Ex-Labor Officials Contest Trump’s Pro-Employer ERISA Campaign

Feb. 2, 2026, 3:17 PM UTC

Former high-ranking labor officials under Presidents Biden and Obama backed Lockheed Martin Corp. workers in a pension plan appeal, pushing back on the US Labor Department’s recent support for employers defending ERISA cases.

The department’s January brief, which argued the Lockheed retirees lack standing to challenge the company’s pension de-risking transaction, is inconsistent with the Employee Retirement Income Security Act and would undermine the statute’s standards by “insulating fiduciary conduct from review precisely when judicial oversight is most needed,” Phyllis Borzi and Ali Khawar told the US Court of Appeals for the Fourth Circuit in a Jan. 30 amicus brief backing the Lockheed workers.

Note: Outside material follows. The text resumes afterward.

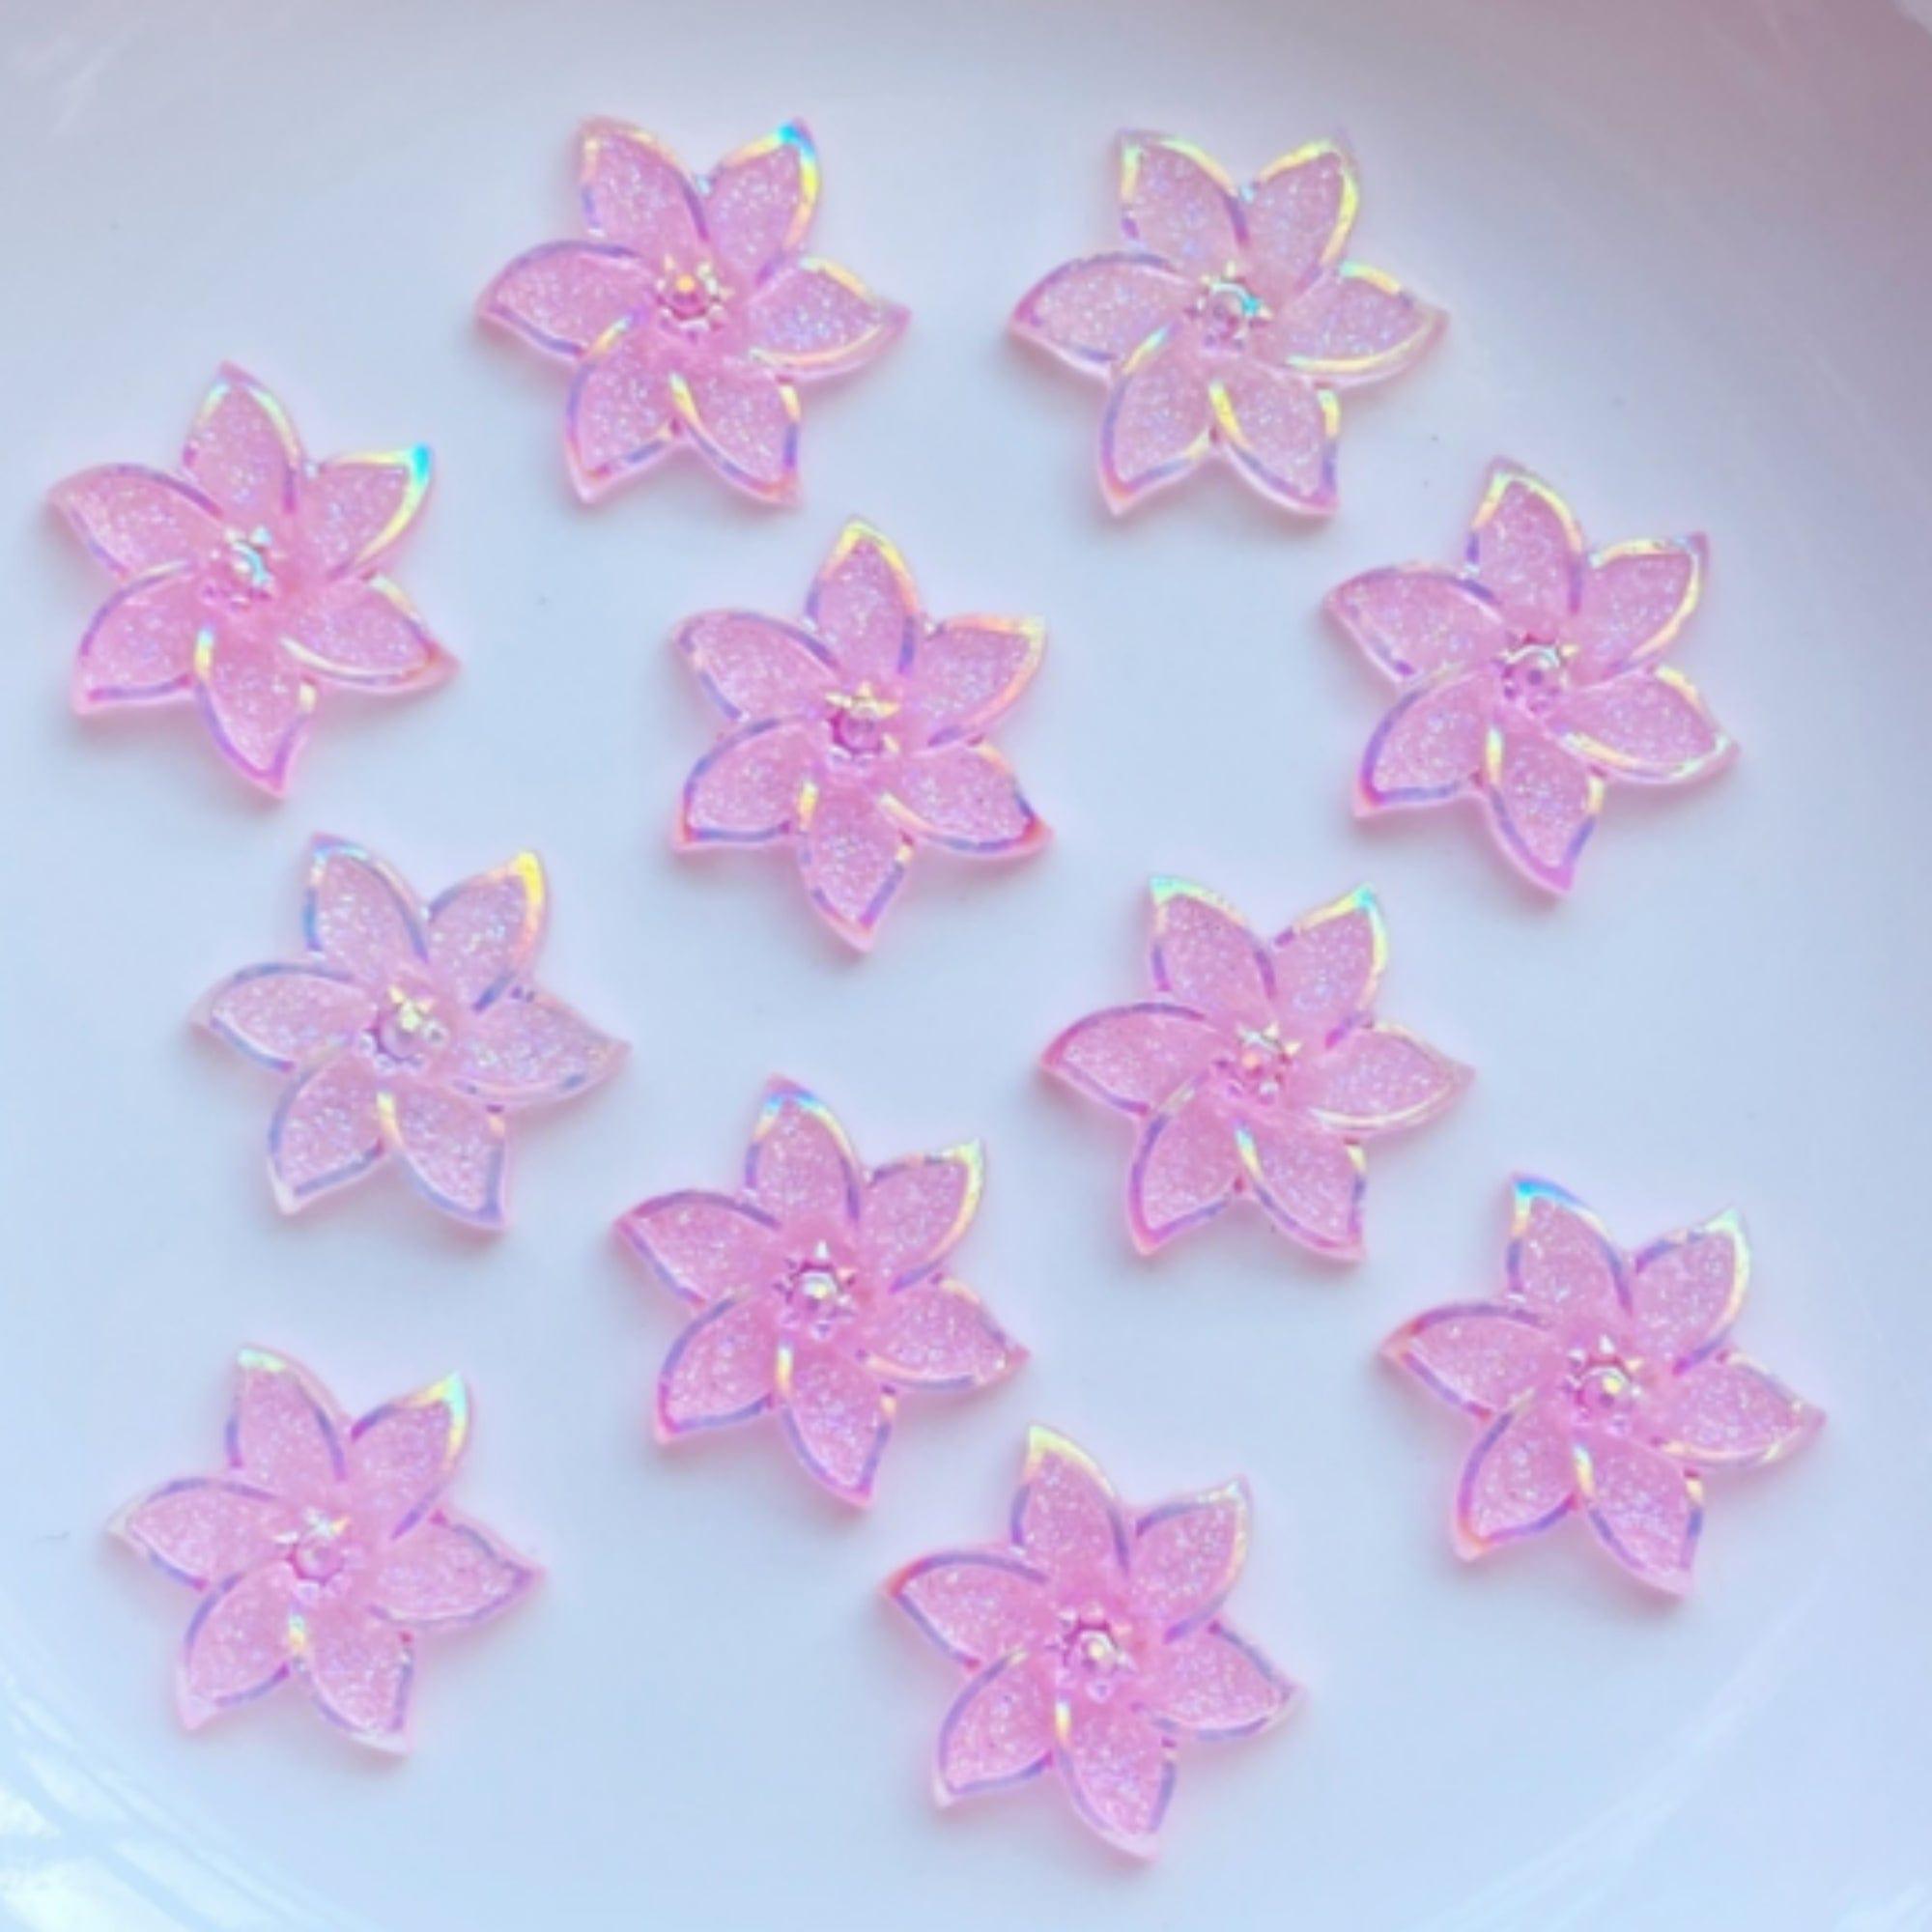 Iridescent Baby Pink Mini Flower Resin 1/2 inch Flatback Embellishments by SSC Designs - 10 pieces

Borzi headed the department’s Employee Benefits Security Administration during Obama’s term, and Khawar served as acting assistant EBSA secretary under President Biden. Their brief comes as the Trump administration is in the midst of a concerted pro-employer push across multiple ERISA cases.

The DOL’s recent ERISA briefs have supported companies in disputes with workers over 401(k) forfeitures, retirement plan investment performance, and the standard for showing loss causation under ERISA. The department is also seeking to withdraw a Biden-era brief in which it supported Yale University workers in a pending appeal over their retirement plan, saying it had “reconsidered its position” in the case.

The administration’s support for Lockheed shows “an effort is underway to limit the scope of ERISA’s private right of action,” Borzi and Khawar said in their filing. “If successful, that effort would return workers and retirees to the pre-ERISA regime, where meaningful remedies were largely unavailable and fiduciary misconduct often went unredressed.”

Pension Transfers

The Lockheed appeal gives the Fourth Circuit an opportunity to become the first federal appeals court to consider the recent litigation push targeting employers that have de-risked their pension plans with annuities from units of Athene Holding Ltd., an Apollo Global Management subsidiary that’s not a defendant in any of the cases.

The lawsuits say Athene uses a risky offshore structure that jeopardizes workers’ ability to receive benefits without compensating them for the additional risk. Judges have disagreed on whether these cases are viable, with several decisions—including the one favoring Lockheed retirees—centering on whether the plaintiffs have identified an injury giving them standing to sue.

In denying that these retirees having standing, the department urges a rule that would “foreclose judicial review of annuity-provider selections unless and until nonpayment of benefits becomes virtually inevitable,” Borzi and Khawar said in their brief. “That approach misconstrues both the nature of the injury alleged and ERISA’s remedial design, which included a private right of action to redress harms, without a virtually insurmountable burden of proof, to ensure that there was ready access to federal courts.”

“ERISA does not require participants to wait for financial collapse before seeking relief for fiduciary misconduct that has already increased the risk to their benefits,” they said.

Brown, Goldstein & Levy LLP represent Borzi and Khawar.

The case is Lockheed Martin Corp. v. Konya, 4th Cir., No. 25-02061, amicus brief 1/30/26.